Remix.run Logo
bjackman 2 days ago

If you think the org that produced the hardware might have backdoored it, architecting your software to avoid the TPM or whatever is dumb. Targeting Google HW at all is an unavoidable act of complete trust so you might as well use the HW properly.

Also, why would Google bother backdooring their special HW when 99.999% of its users are anyway gonna be running a totally Google-controlled proprietary SW stack?

perching_aix 2 days ago | parent [-]

> Targeting Google HW at all is an unavoidable act of complete trust

Doesn't the existence of FHE downgrade that to just "complete practical trust" at least? Not that I know of it being employed, but that it could be, and that it may be worth shouting out exactly cause of how niche and impractical it is.

bjackman 2 days ago | parent [-]

We are talking about hardware here so ultimately you need to trust some manufacturer, software algorithms don't help.
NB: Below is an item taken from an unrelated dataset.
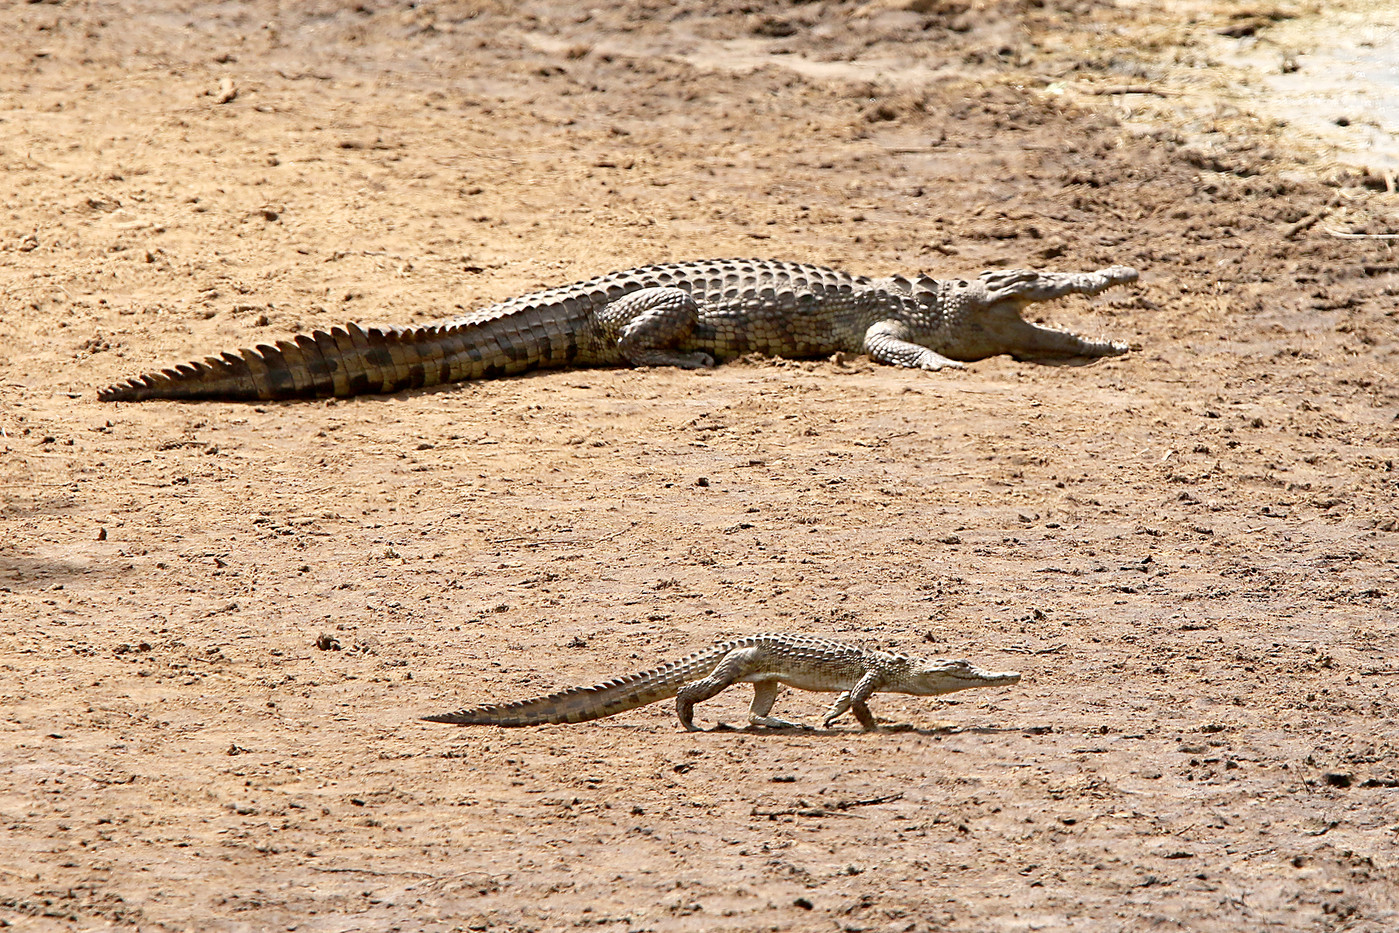 Baby Nile Crocodile in the Serengeti NP, Tanzania
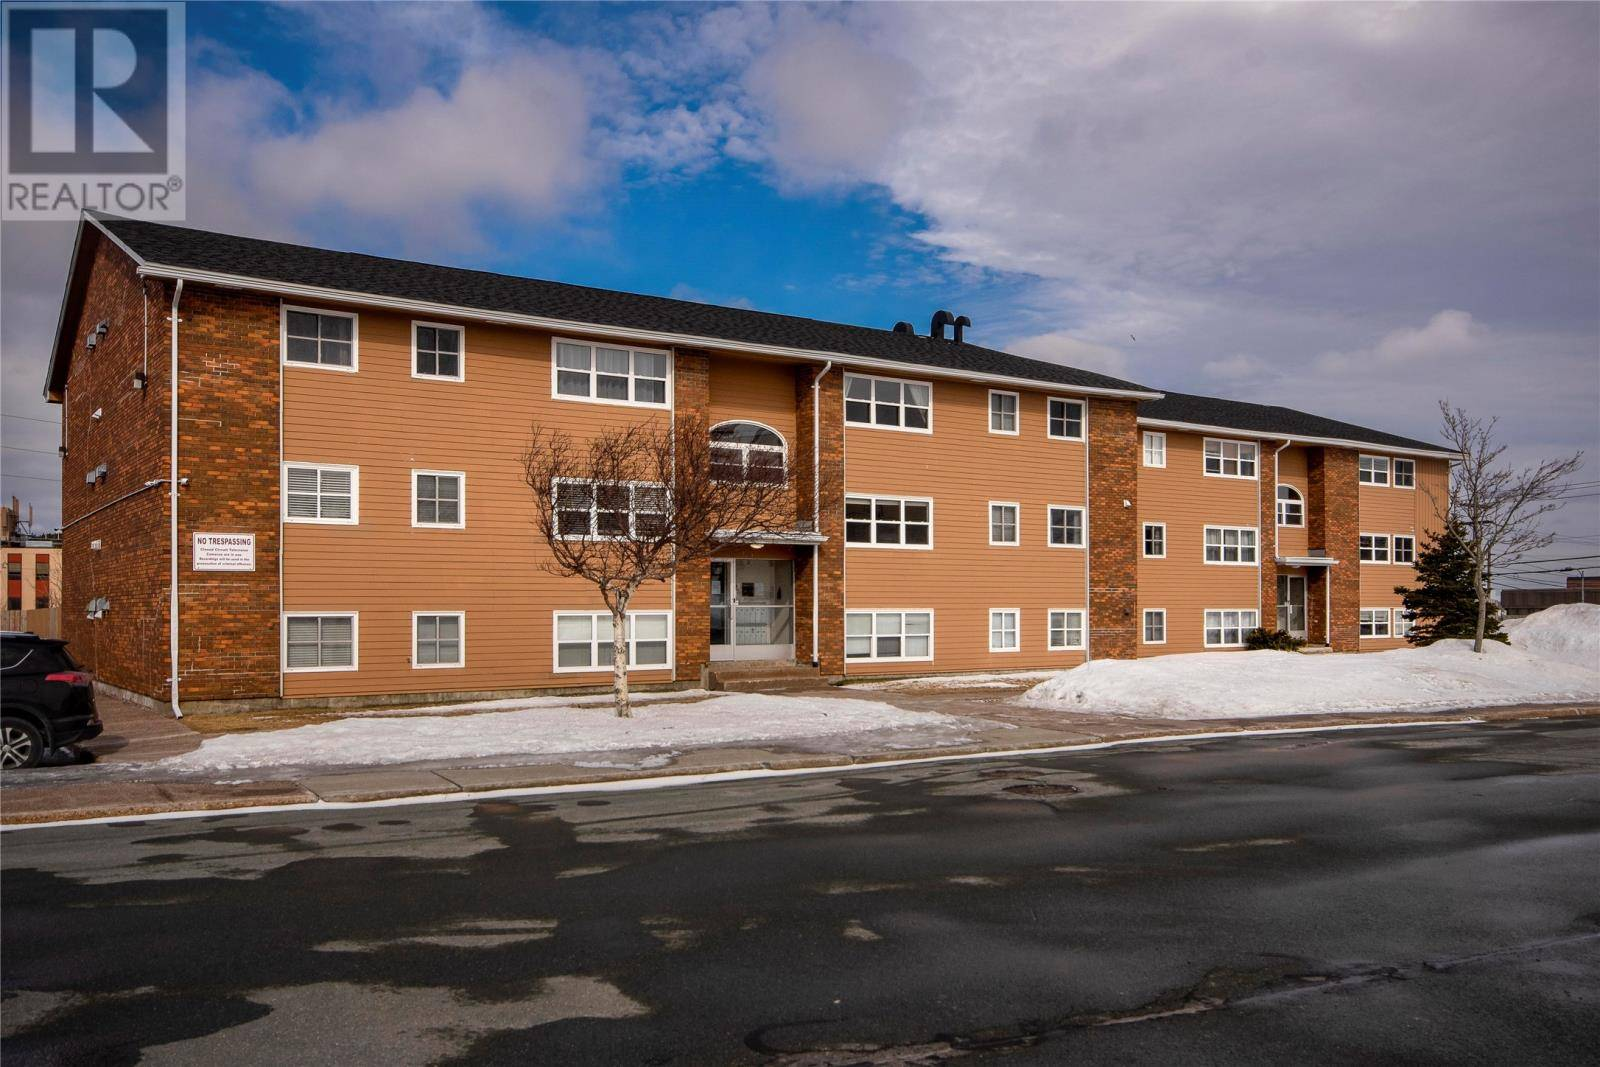 House for sale at 122 Terra Nova Rd Unit 105 St John's Newfoundland - MLS: 1212078

With SEV-SNP and Intel TDX I think it's possible to build a hardware platform that doesn't require the user to trust the OEM although they still need to trust at least one large American tech company that controls the root of trust.

But I don't think this is ever gonna happen for consumer devices. AFAIK it's only sorta kinda happened for any real-world platforms at all (but maybe someone can correct me).

Ultimately if your threat model includes Google as a potential adversary, and you are not in control of nuclear weapons, you are gonna have to make some serious sacrifices to achieve security IMO. Smartphones are out. (Actually, I guess if you trust China you have a way forward).